Jakarta, FORTUNE – Pembangunan infrastruktur di Indonesia membutuhkan dana sekitar Rp6.500 triliun hingga 2024. Hal ini diungkapkan oleh Luky Alfirman, Direktur Jenderal Pengelolaan Pembiayaan dan Risiko Kementerian Keuangan (DJPPR Kemenkeu), dalam Seminar Infrastructure Roundtable (IIR) T20, Jumat (8/7).
Luky menyampaikan bahwa dari kebutuhan dana tersebut, Anggaran Pendapatan dan Belanja Negara (APBN) hanya mampu memenuhi sampai 42 persen. Sisanya, bisa berasal dari Badan Usaha Milik Negara (BUMN) atau sektor swasta.
“Maka dari itu, pembiayaan adalah salah satu cara menekan biaya tersebut. Bagaimana kami bisa mendesain pembaiayaan sedemikian rupa,” ujarnya.
Sektor swasta, adalah salah satu kontributor pembiayaan yang disasar pemrrintah. Oleh sebab itu, pemerintah kerap kali mengundang sektor swasta untuk berpartisipasi dalam berbagai proyek infrastruktur yang masih terus dibangun.
Jaminan kepastian dalam investasi
Menurut Luky, investasi infrastruktur memiliki jangka waktu panjang, oleh karenanya kepastian dalam investasi harus bisa terus dijamin. Pihaknya terus mengupayakan pengelolaan risiko yang baik, demi meningkatkan minat para investor, terutama dari dalam negeri.

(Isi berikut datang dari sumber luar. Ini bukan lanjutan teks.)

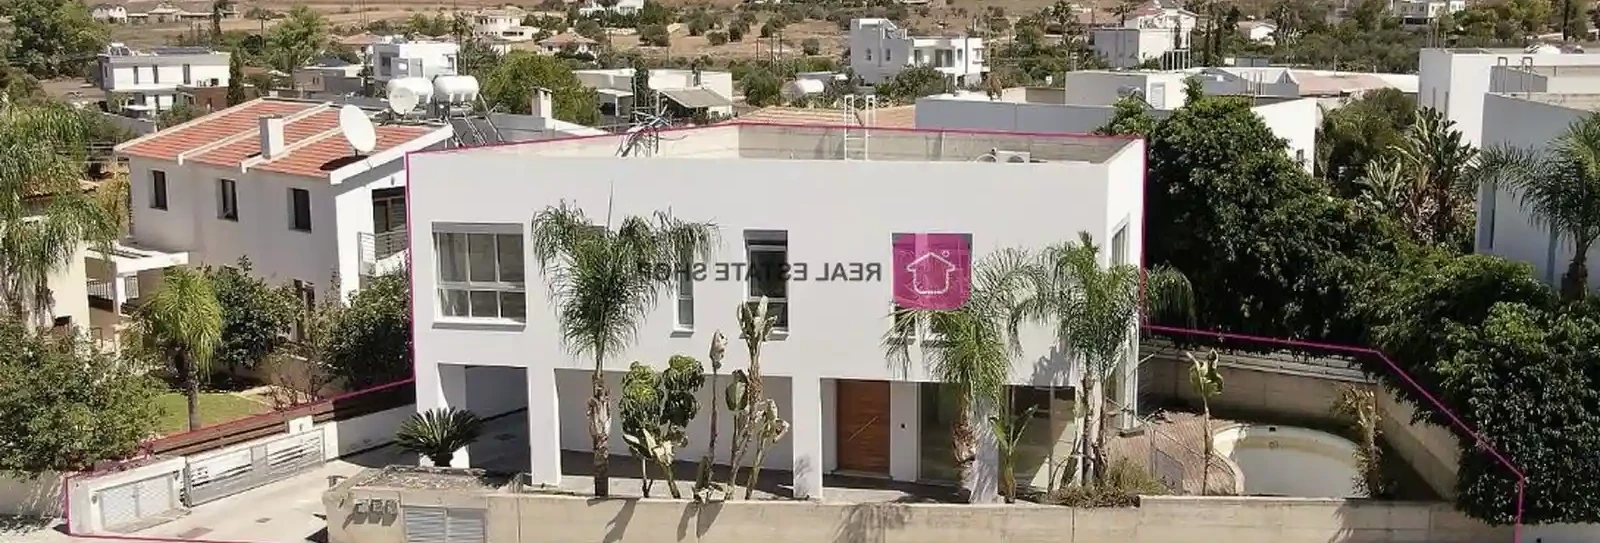 3-bedroom villa fоr sаle €375.000, image 1

“Kami mendesain sedemikian rupa risiko ini, bagaiman bisa kami perkecil, karena itu terasosiasi dengan harga yang harus kami bayar nantinya,” tuturnya.
Sedangkan, untuk investor luar negeri, jaminan investasi biasanya dilihat dari kondisi politik hingga prospek ekonomi yang terjadi di Indonesia. Maka dari itu, stabilitas konidisi politik dan perbaikan ekonomi domestik amat penting untuk menarik minat para investor dari luar negeri.
Sinergi dan kolaborasi
Wakil Menteri Keuangan, Suahasil Nazara, menambahkan dalam pembangunan infrastruktur yang berkelanjutan, butuh kerja sama dan kolaborasi sejumlah pihak. Salah satunya adalah lembaga think tank yang memupuk pengetahuan yang akan menjadi dasar terciptanya terobosan dalam pembangunan infrastruktur.
“Meskipun kita sibuk mengurusi bagaimana melindungi masyarakat dalam jangka pendek, kita tetap bicara mengenai medium dan long term. Di sinilah pemikiran kita mengenai bagaimana kebutuhan infrastruktur Indonesia jangka panjang harus tetap kita bicarakan dan harus tetap kita cari terobosannya,” kata Wamenkeu.
Wamenkeu menyoroti pelaksanaan IIR yang turut mengikutsertakan PT Penjaminan Infrasruktur Indonesia, Penelitian dan Pelatihan Ekonomika dan Bisnis (P2EB) FEB Universitas Gadjah Mada, dan The Economic Research Institute for ASEAN and East Asia (ERIA), sebagai contoh kolaborasi yang dimaksud.
“Indonesia sebagai Presidensi G20 menunjukkan kepada dunia bahwa kita itu memang sudah melakukan rangkaian think tank, knowledge base, decision making process, database policy making process, dan research base policy making process yang berkelanjutan. Bukan cuma waktu jadi Presidensi G20 saja,” kata Suahasil.